ADDITIONAL patterns are usually expensive to evaluate (compared to the "normal" join patterns) for the SPARQL mechanism. In this case, the error indicates that the Virtuoso query planner estimates that the request is too complex to complete on time (note that it evaluates this, so the exact value may be incorrect).
You have several alternatives. However, most of them are related to the execution of several queries. The usual pattern is the retrieve-and-iterate pattern - first you run a query that retrieves all instances of mbo:LiveMusicEvent :
SELECT ?uri WHERE { ?uri a mbo:LiveMusicEvent }
and then you iterate over the result and retrieve the optional properties of each instance:
SELECT * WHERE { VALUES(?uri) { <http://example.org/instance1> } OPTIONAL {?uri rdfs:label ?label}. OPTIONAL {?uri mbo:organisedBy ?organiser}. OPTIONAL {?uri mbo:takesPlaceAt ?venue}. OPTIONAL {?uri mbo:begin ?begin}. OPTIONAL {?uri mbo:end ?end}. }
As you can see, I use the VALUES clause to insert the instance id results from the first query into this second query. In this example, I assume that you iterate over one by one and therefore make a query for each instance, but as an additional optimization, you can insert multiple instances into the VALUES clause at a time (obviously, not all of them are immediate, since this will make the request as complex as the original).

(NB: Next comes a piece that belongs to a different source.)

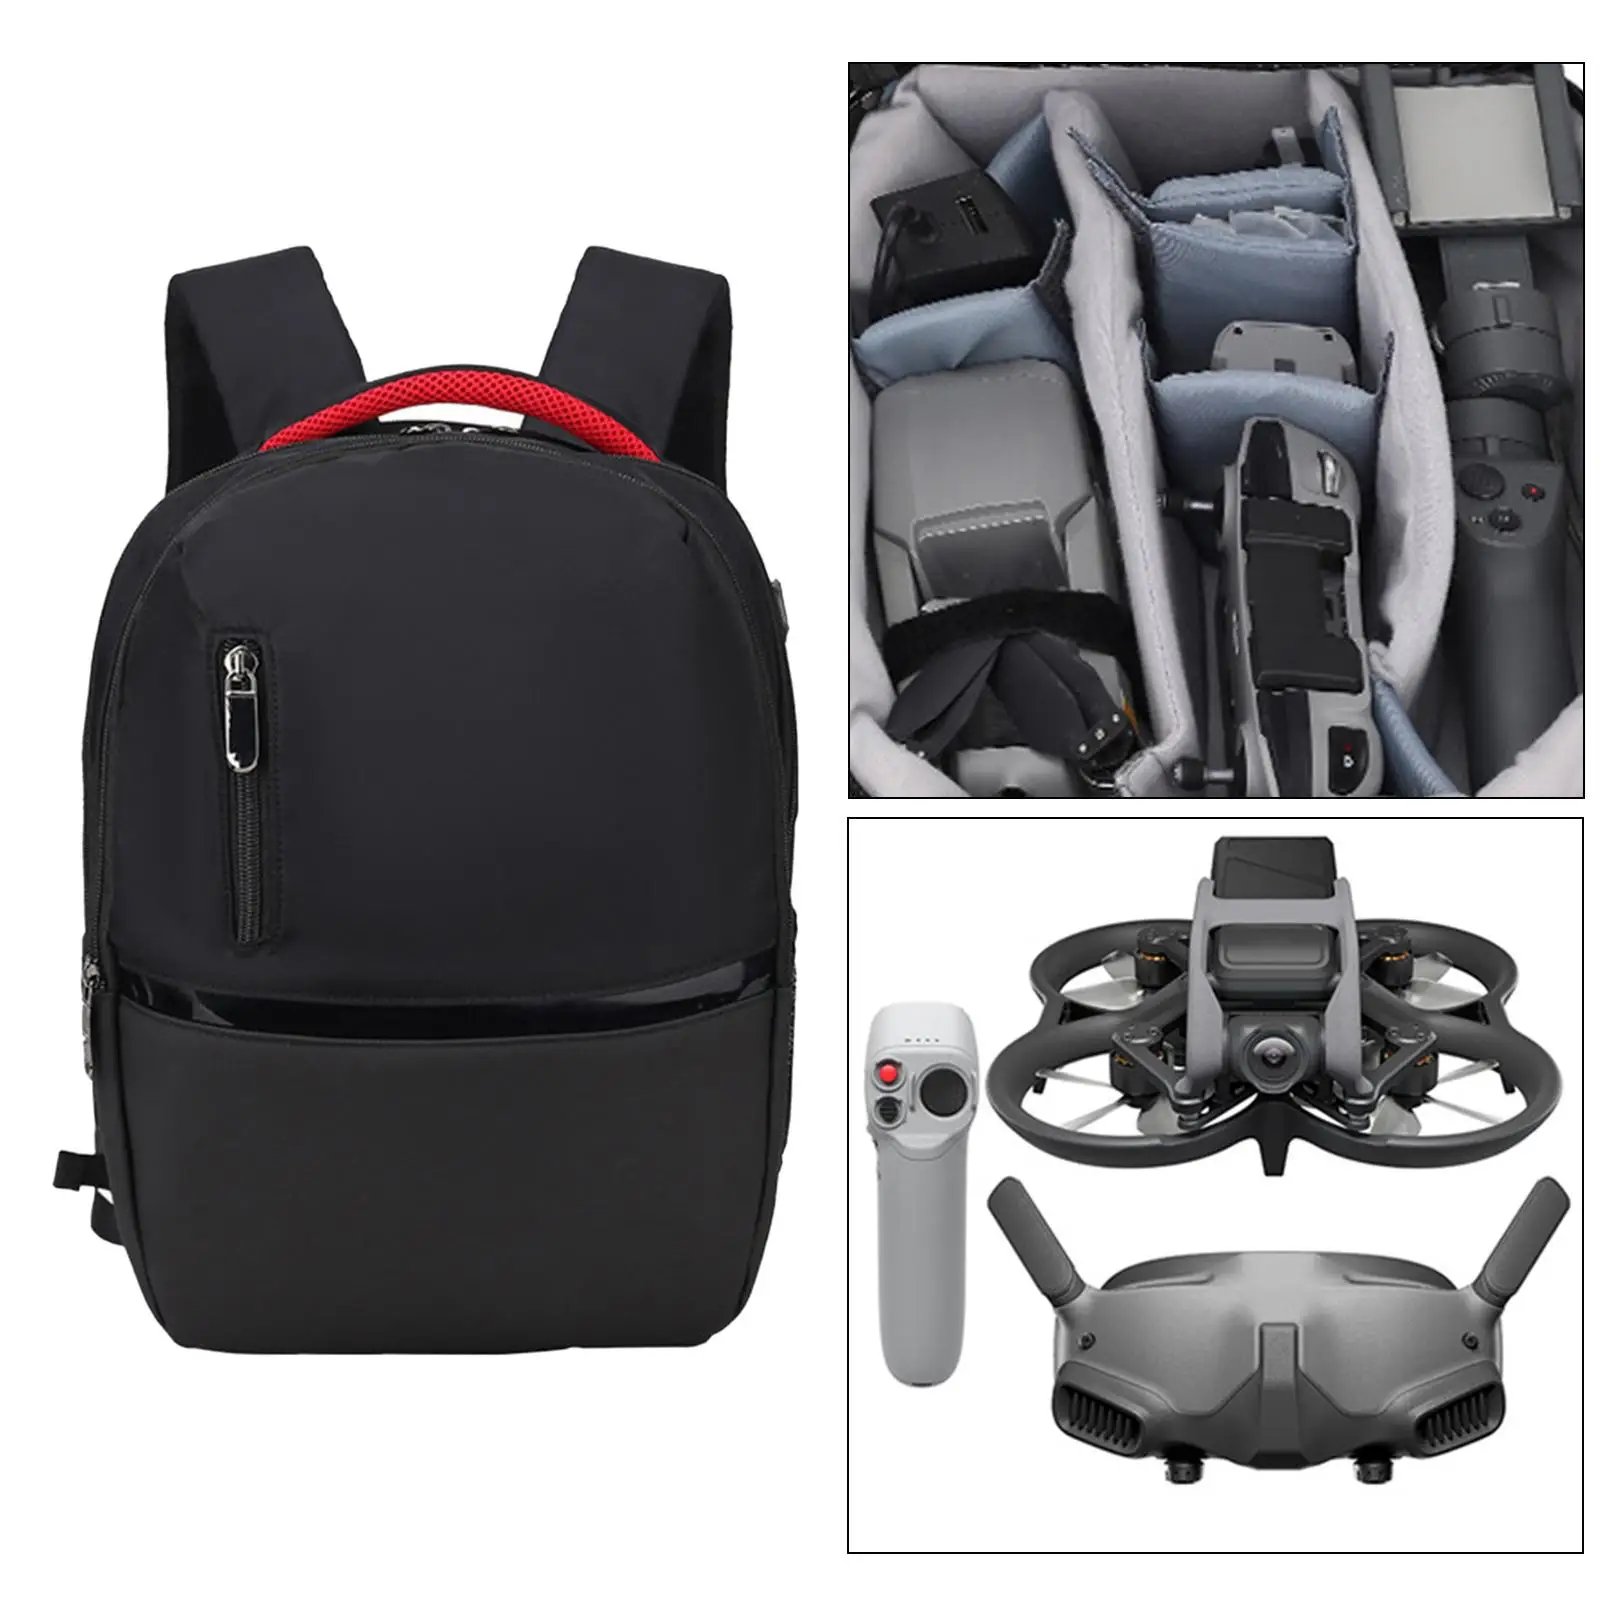 Travel Drone Carrying Handbag Large Capacity Suitcaseg Waterproof Travel Bag Multifunction Drone Backpack for Drone Accessories
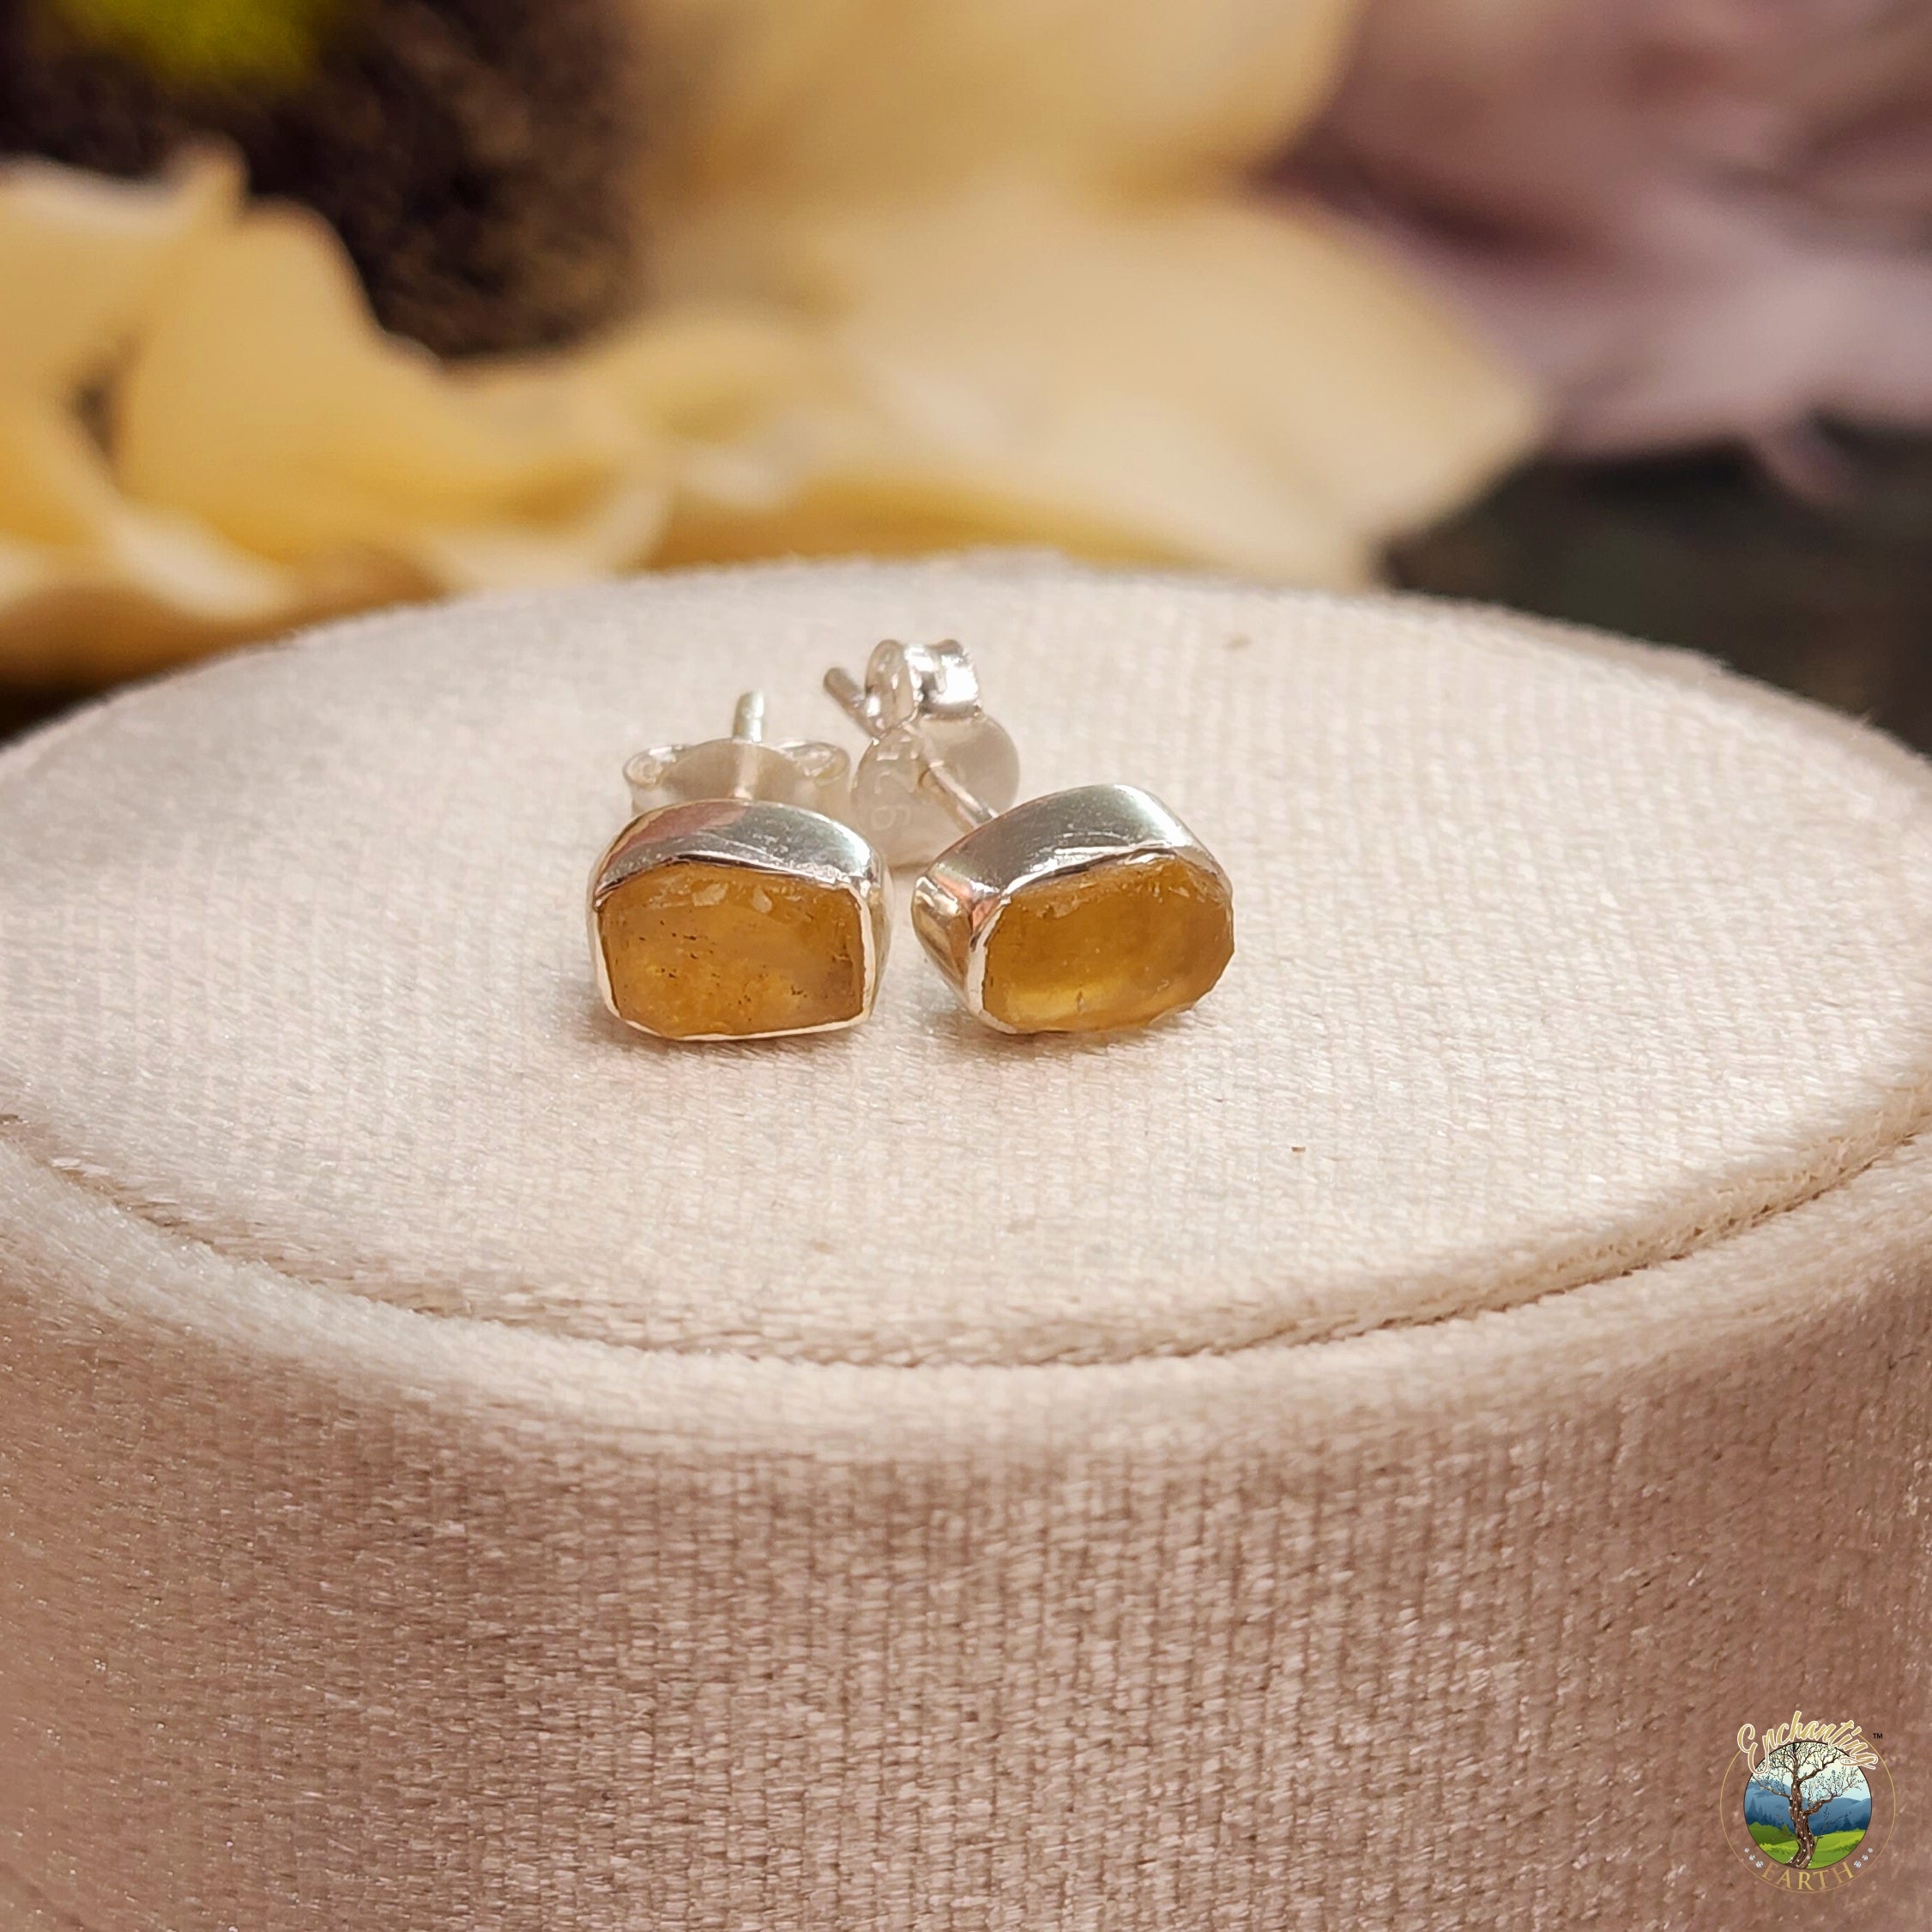 Libyan Desert Glass Raw .925 Silver Stud Earrings for Ascension and Manifesting

By the way, VALUES is a SPARQL 1.1 feature, and I'm not sure if Virtuoso supports it. If not, you can achieve the same effect either with the FILTER clause or simply "manually" by replacing all occurrences of the ?uri variable with the instance ID for each iteration.
Another way to handle this is to first execute a CONSTRUCT query, which retrieves the appropriate subset of data from a larger source, and then runs your more complex query with options in that subset. For instance:
CONSTRUCT WHERE { ?uri a mbo:LiveMusicEvent; ?p ?o . }
will retrieve all data about instances of LiveMusicEvent as an RDF graph. Place this graph in a local RDF model (for example, Sesame Model or in-memory Repository, if you work in Java), and request it further from there.